You can think about possible implementations by realizing that delete[] is only defined for pointers returned by new[], which may not be the same pointer as returned by operator new[]. One implementation in the wild is to store the array count in the first int returned by operator new[], and have new[] return a pointer offset past that. (This is why non-trivial alignments can break new[].)

Keep in mind that operator new[]/operator delete[]!=new[]/delete[].

Plus, this is orthogonal to how C knows the size of memory allocated by malloc.

Basically its arranged in memory as:

[info][mem you asked for...]

Where info is the structure used by your compiler to store the amount of memory allocated, and what not.

This is implementation dependent though.

This isn't something that's in the spec -- it's implementation dependent.

Because the array to be 'deleted' should have been created with a single use of the 'new' operator. The 'new' operation should have put that information on the heap.

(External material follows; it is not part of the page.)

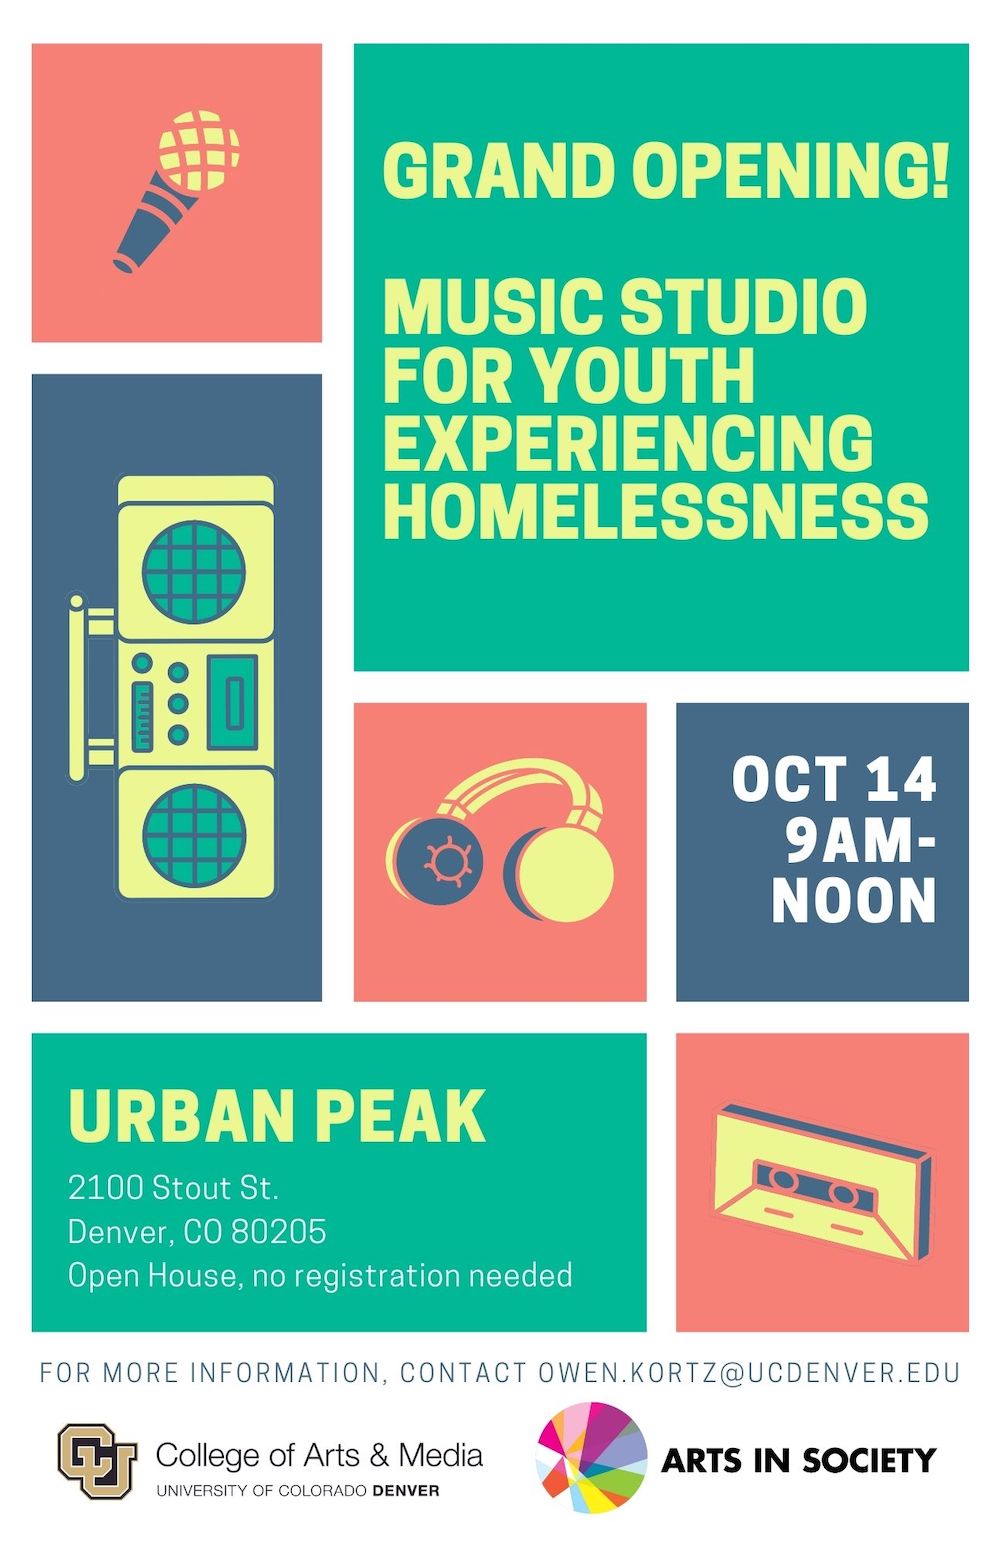 Urban Peak music studio opening

Otherwise, how would additional uses of new know where the heap ends?

This is a more interesting problem than you might think at first. This reply is about one possible implementation.

Firstly, while at some level your system has to know how to 'free' the memory block, the underlying malloc/free (which new/delete/new[]/delete[] generally call) don't always remember exactly how much memory you ask for, it can get rounded up (for example, once you are above 4K it is often rounded up to the next 4K-sized block).

Therefore, even if could get the size of the memory block, that doesn't tell us how many values are in the new[]ed memory, as it can be smaller. Therefore, we do have to store an extra integer telling us how many values there are.

EXCEPT, if the type being constructed doesn't have a destructor, then delete[] doesn't have to do anything except free the memory block, and therefore doesn't have to store anything!

It is not standardized. In Microsoft's runtime the new operator uses malloc() and the delete operator uses free(). So, in this setting your question is equivalent to the following: How does free() know the size of the block?

There is some bookkeeping going on behind the scenes, i.e. in the C runtime.